# The Character with Amnesia!



## Burst (Aug 26, 2012)

Okay, so I'm thinking of writing my next novel in first person, but my main character is suffering from amnesia so I was wondering how I would go about doing that? It seems a bit tricky and I've been trying to think of ways to do it, but I always fail. So can you guys give me any tips?


----------



## Chilari (Aug 26, 2012)

Research amnesia. The kind of amnesia you read a lot about in fantasy is actually really rare (which is why, when it happens, you often hear about it in the news or in documentaries); more common is forgetting a period of time - anything from a few hours to several weeks - due to injury, stress, shock and so on. And not just the hard facts side of things, but testimonials of people who have experienced it too.

In fact, before you research amnesia, consider why your story needs it, or indeed if it needs it. If you can still tell the story without it, cut it. Why? Because amnesia is used an awful lot by writers who haven't researched it. I've read more than a few story-starts in the Showcase here and on other sites involving amnesiacs (and have written one or two myself, mostly in my younger years but more recently as an Oblivion fanfic, because frankly it calls for it; how else would you explain the player character inexplicably being locked up? Patrick Stewart never bothers to tell you) but only ever one amnesiac story that's published, and I've never heard that series mentioned by anyone but my sister (who bought the books for one of my birthdays) so I can't imagine it made it into the big time. So decide whether you want to keep this element and whether the story itself works.

As for the actual writing of it, your research should help with that. And then just reat it like any other first person writing, just without memories of the amnesed period (that's totally a cromulent word) bearing in mind how your character will be feeling about the loss of memory, about meeting friends and family for the "first" time, about trying to remember, and anything else you get from testimonials.


----------



## Addison (Aug 26, 2012)

An amnesiac character is tricky if it's your protag and in first person. For my WIP I considered my hero to have amnesia but it just didn't fit with my story. But I did do extensive research. Some forms of amnesia are very temporary. One day, one week, one month, and they clear up by themselves. Most amnesias take longer and/or need triggers to recover. The recovery could take a while, like a line of dominos and the triggers could be something small. How someone brushes the hair from their face, the smell of coffee, a nervous habit etc. (50 First Dates is a great example of an amnesiac character) But here's something I've found interesting. While a person could forget their name, family, address and their personal life they retain their critical thinking skills. How to read, write, do math and anything they learned in school. Reflexes and physical talents from self defense to burping a baby are still remmebered by the body itself. Like the blow to the head got rid of the icons and gigabytes but forgot to wipe the hard drive.

As for writing an amnesiac character in the first person...first thing would be where on the head it hurts or something like that. The first part could be like a baby first learning to walk and then the character goes to the nearest sign of life. He or she is asked his name, if there's anyone the person can call, and that has character and reader realize amnesia.  But with this you really want to be careful about not letting something slip. 

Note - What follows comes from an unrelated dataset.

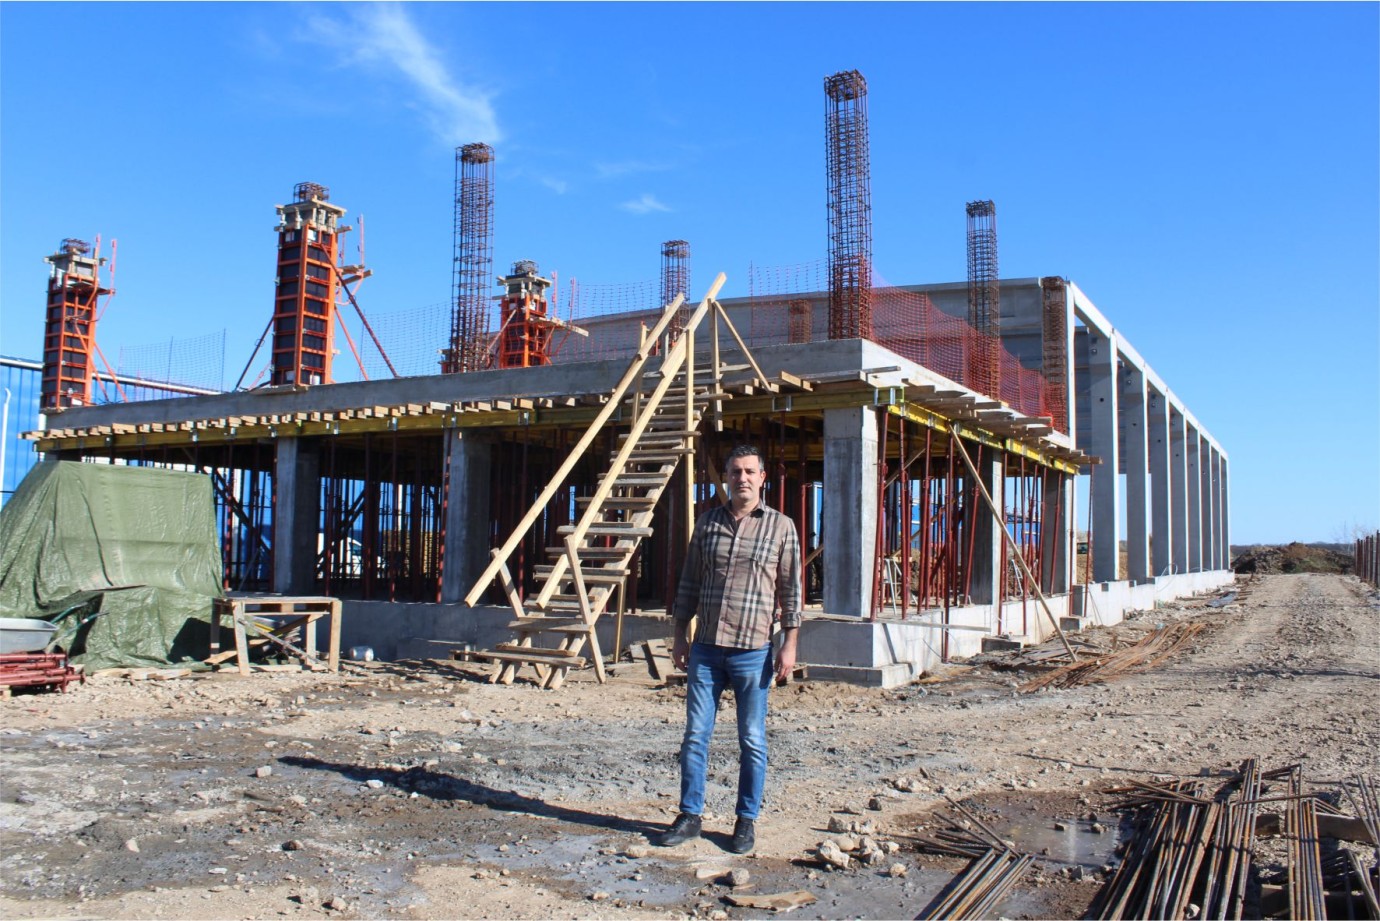 ROM TELTEKS'in sahibi Serkan Dinç, kablodan sonra inşaat sektörüne girdi
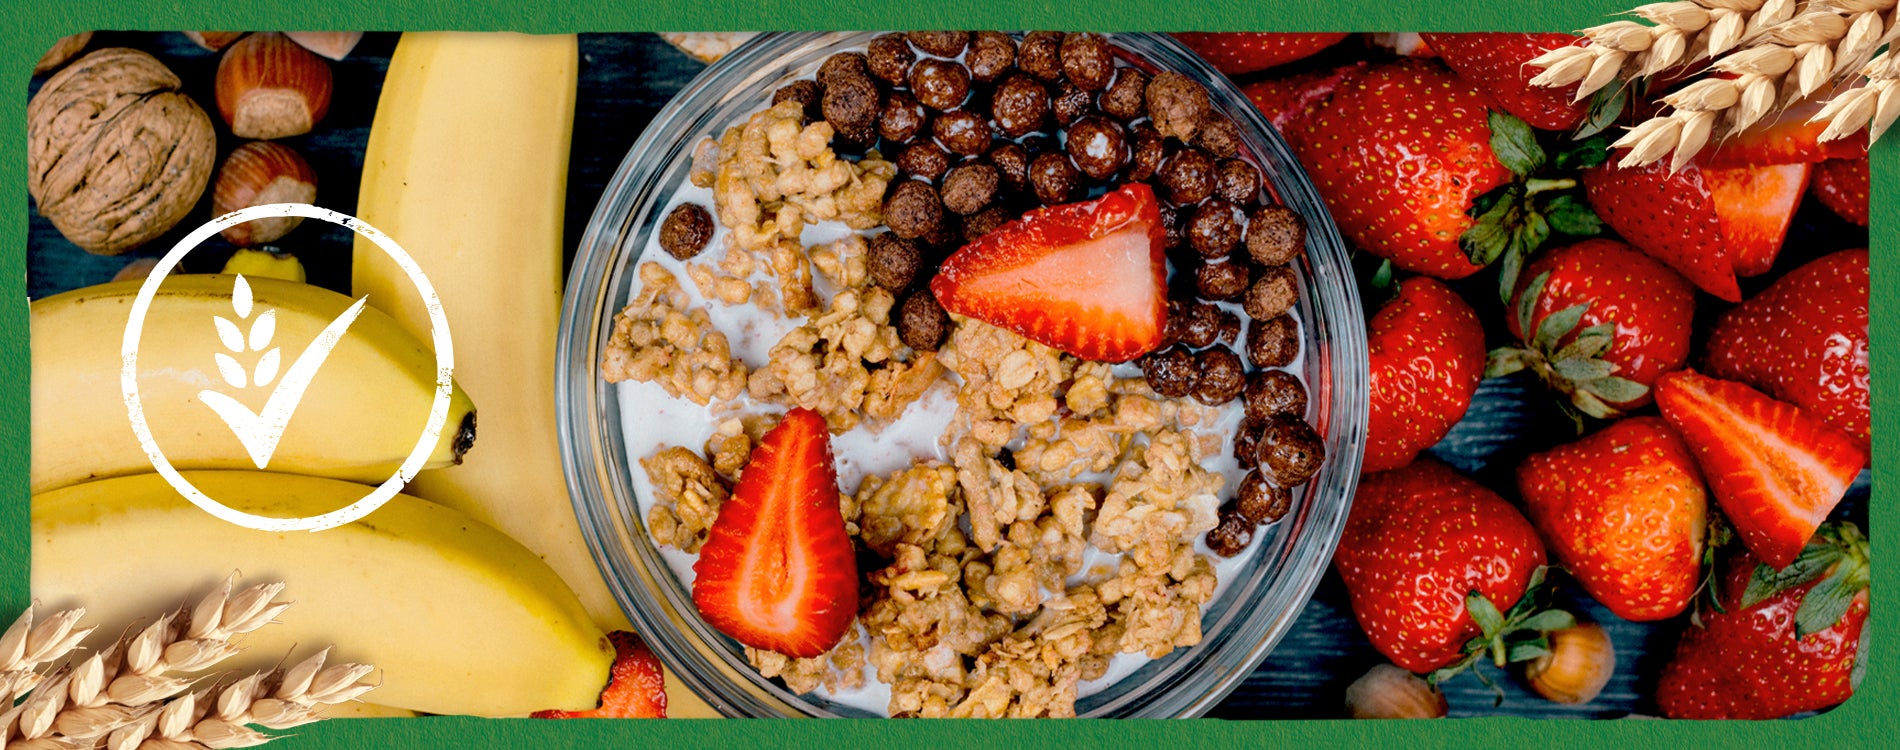 ¿Y al desayuno un desayuno saludable?: Cereales

Actually there's a fantasy book where the hero has amnesia! I completely forgot! The Books of Umber, the hero is a twelve year old boy named, as in given the name by a mysterious person, Happenstance. The author does a terrific job with Happenstance.


----------



## Feo Takahari (Aug 26, 2012)

This is intended for game designers, but it makes some relevant points about what amnesia does to a story's structure.


----------



## ShortHair (Aug 26, 2012)

When I come across amnesia in a story, my first suspicion is that the writer is covering up something. The only instance I can remember of enjoying such a story is _Lord Valentine's Castle_ (Robert Silverberg), in which ... oops, don't want to spoil it. It's worth a read.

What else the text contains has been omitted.